In the same month, Oulanyah held a meeting with a European Union –EU delegation in his Chambers. During the meeting, he said that he had approved a motion for the introduction of the National Legal Aid Bill saying that this and other Bills in the interest of the EU directly relate to the ordinary people and how they should be helped.
His statement was after the EU Acting Ambassador Anna Merrifield asked the Speaker to prioritize the Sexual Offences Bill, the National Legal Aid Bill, Witness Protection Bill and other key bills in the 11th Parliament. At the same meeting, Oulanyah was optimistic about the lifting of a suspension on Democratic Governance Facility-DGF, the single biggest donor basket established by development partners.
Before signing out, Oulanyah had warned Ministries, Departments and Agencies of government to stop funding activities of parliament committees saying that this undermines the independence and authority of Parliament.
“It has come to my attention, that some Ministries, Departments and Agencies (MDAs) of government are making arrangements with our committees and financing them to do certain work. If you want your mandate, authority and independence eroded, let somebody else…other than parliament finance your activities. He, who pays the piper, calls the tune,” said the Speaker then.
He warned MPs to take his communication seriously since they committed to the people that they would be serious and will avoid certain things that bring the image of this institution into disrepute. Oulanyah directed all MDAs to cease forthwith, from these dealings that undermine the institution’s independence.

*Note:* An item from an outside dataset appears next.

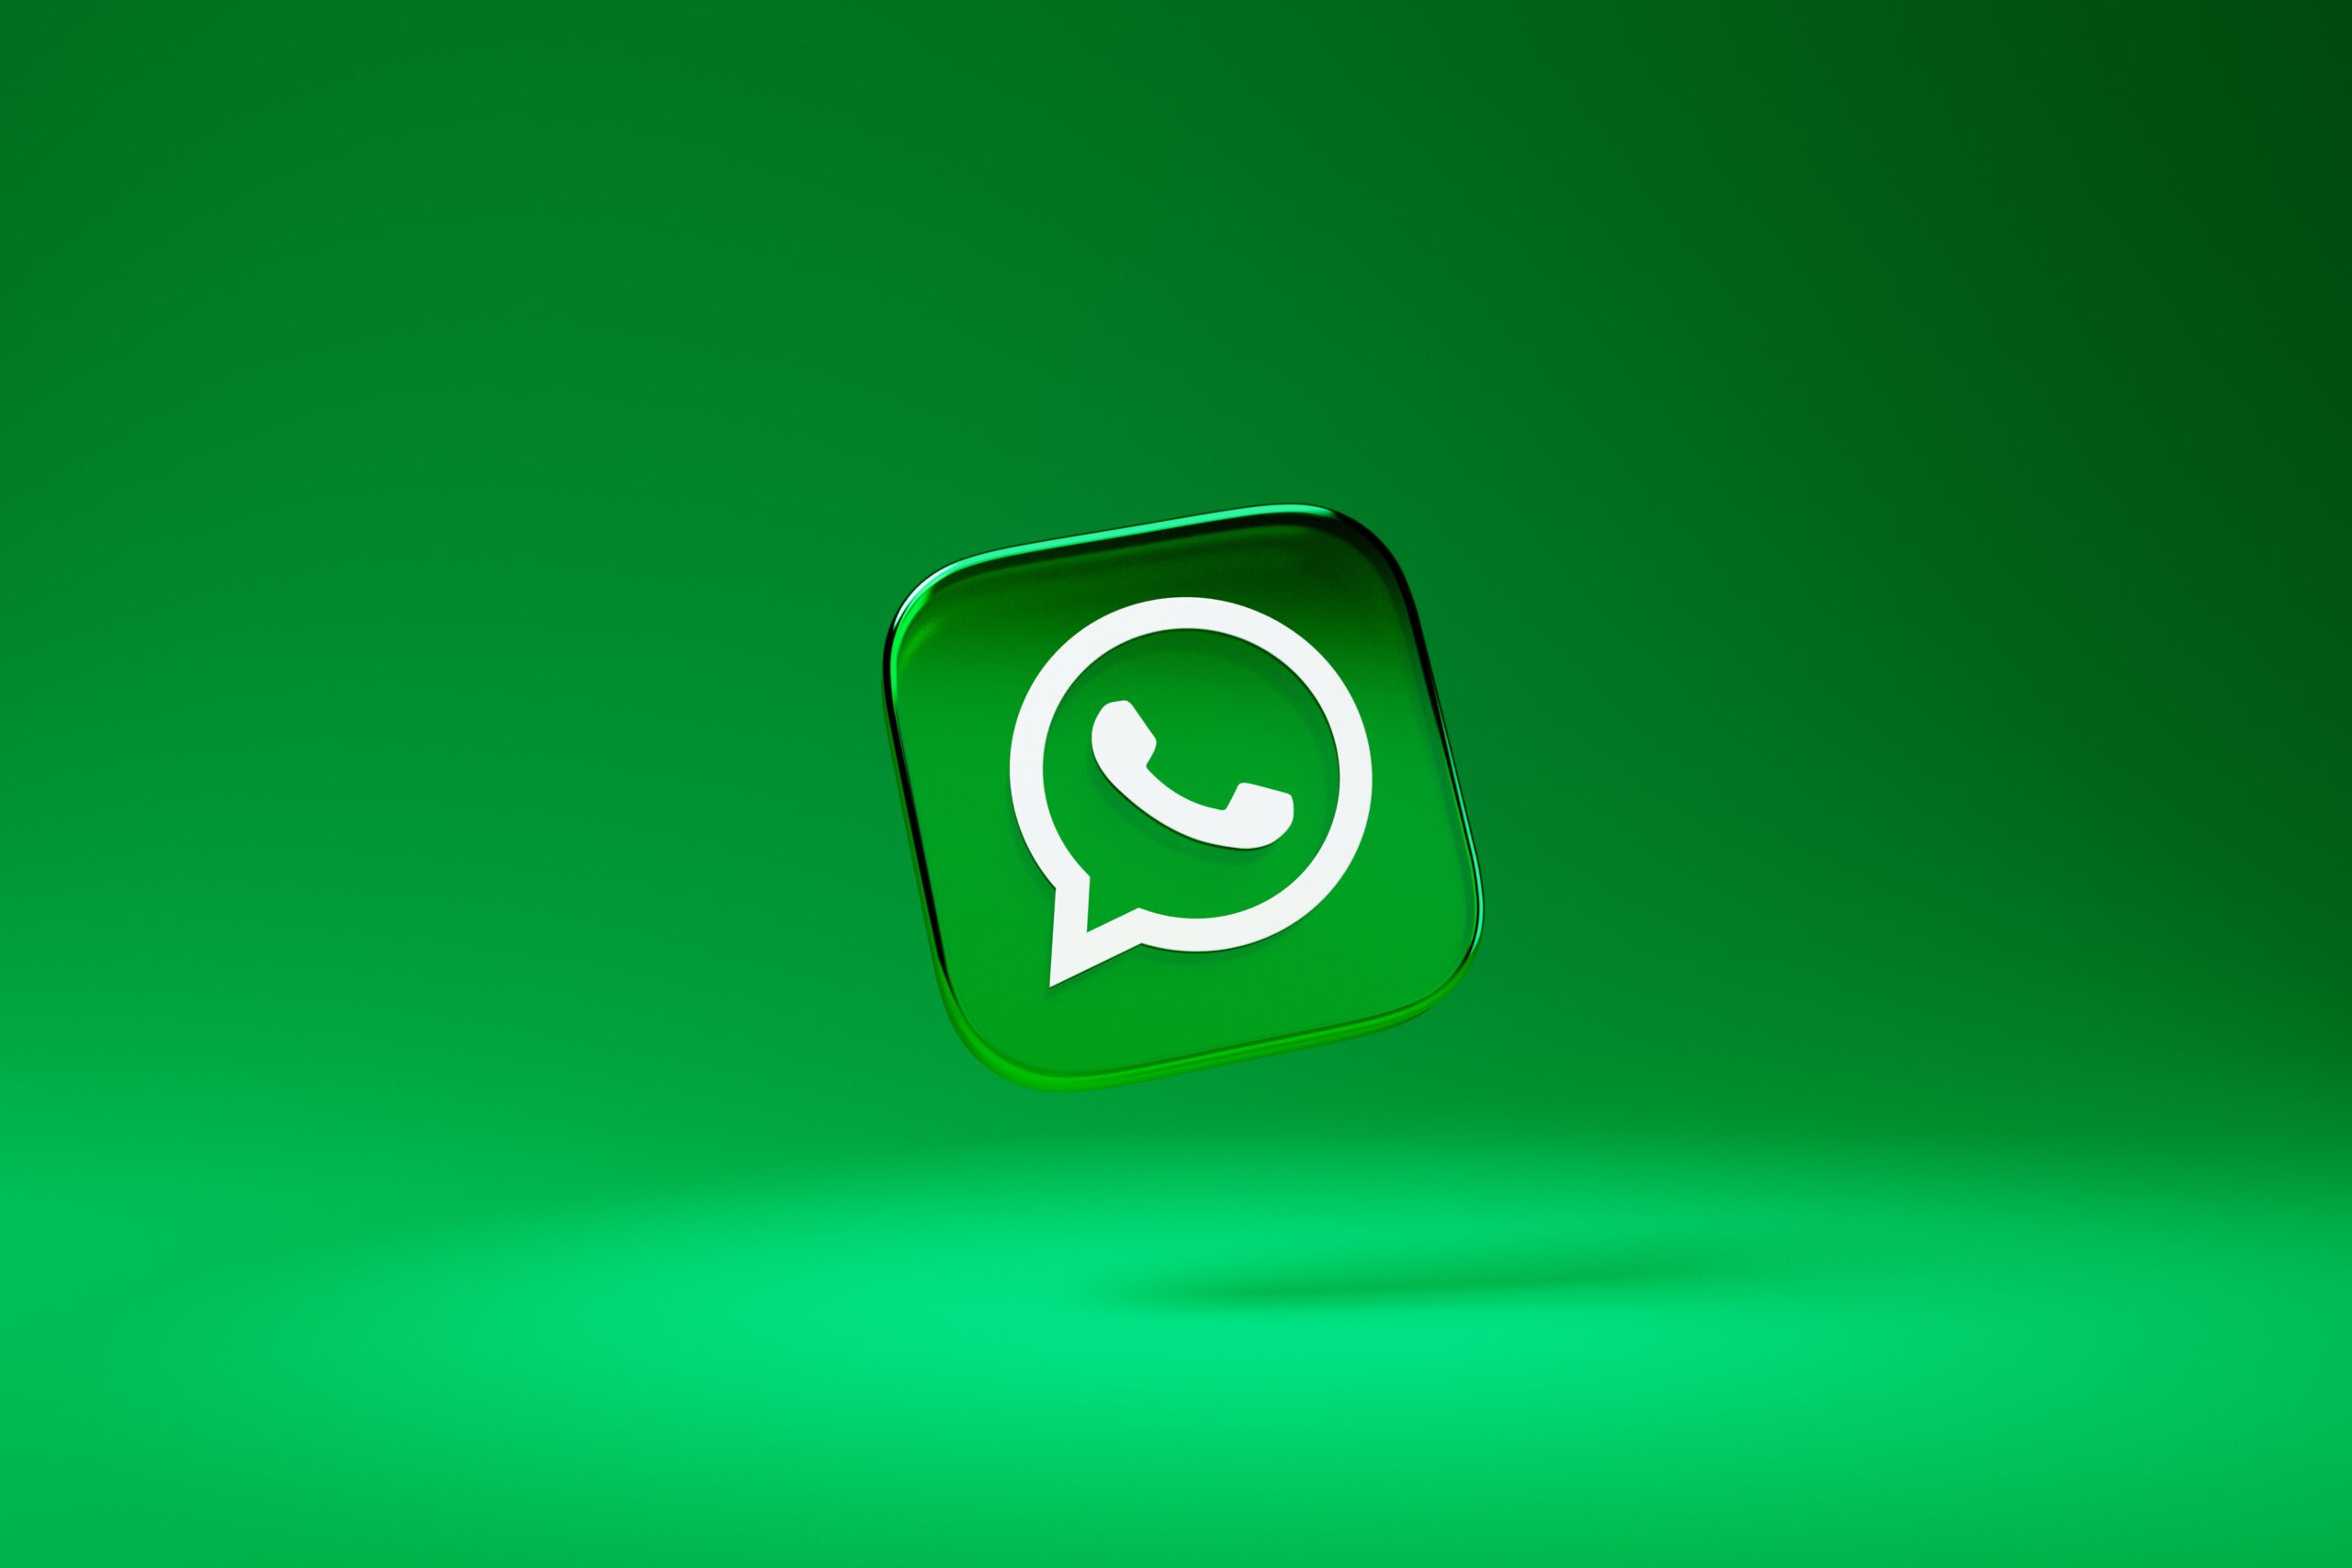 Say goodbye to lengthy voice messages with WhatsApp’s new transcription feature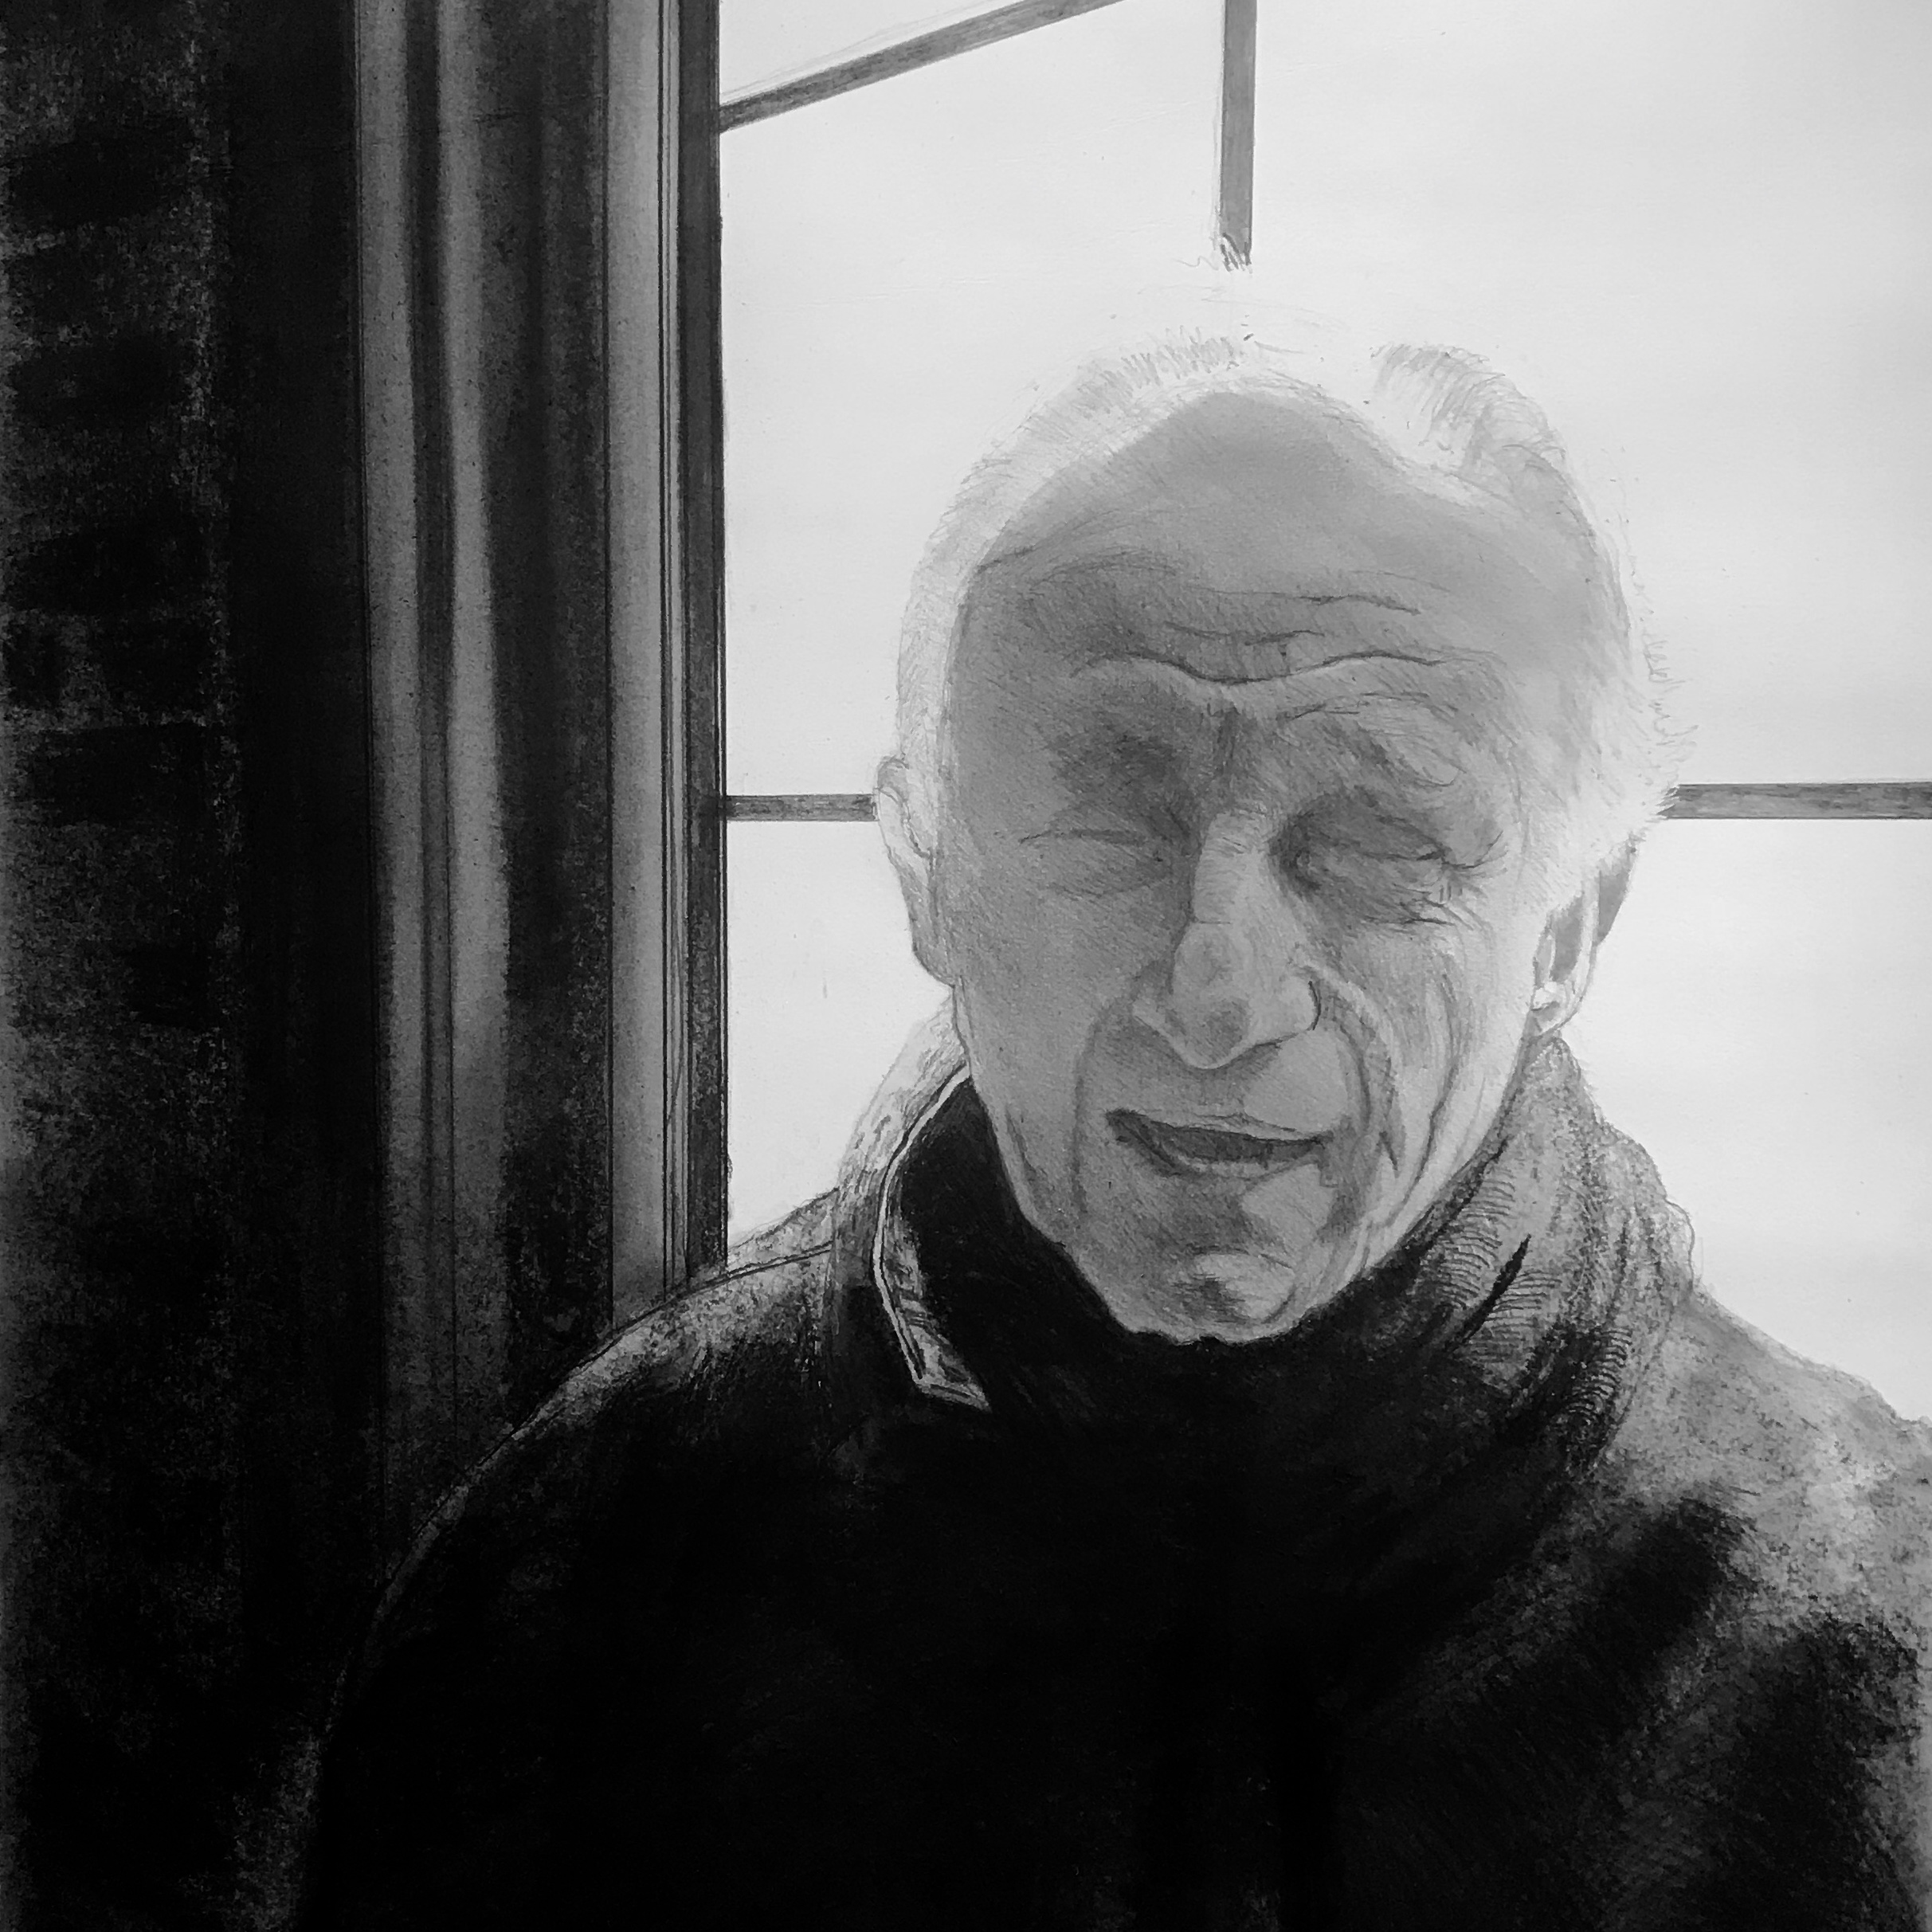 Man in front of a window

He also cautioned Committee Chairpersons, Vice-Chairpersons, MPs and Clerks to Committees to take his directive seriously.
Later, while meeting the Inspector-General of Government (IGG), Beti Olive Kamya on October 18, 2021, Oulanyah promised to give a clear timeline to the Legal and Parliamentary Affairs Committee for consideration of the reports from the Inspectorate. Oulanyah also tasked the IG to put faces and names in the fight against corruption and not dwell on statistics.
The cabinet is expected to meet on Monday to discuss the final send-off of Speaker Jacob Oulanyah.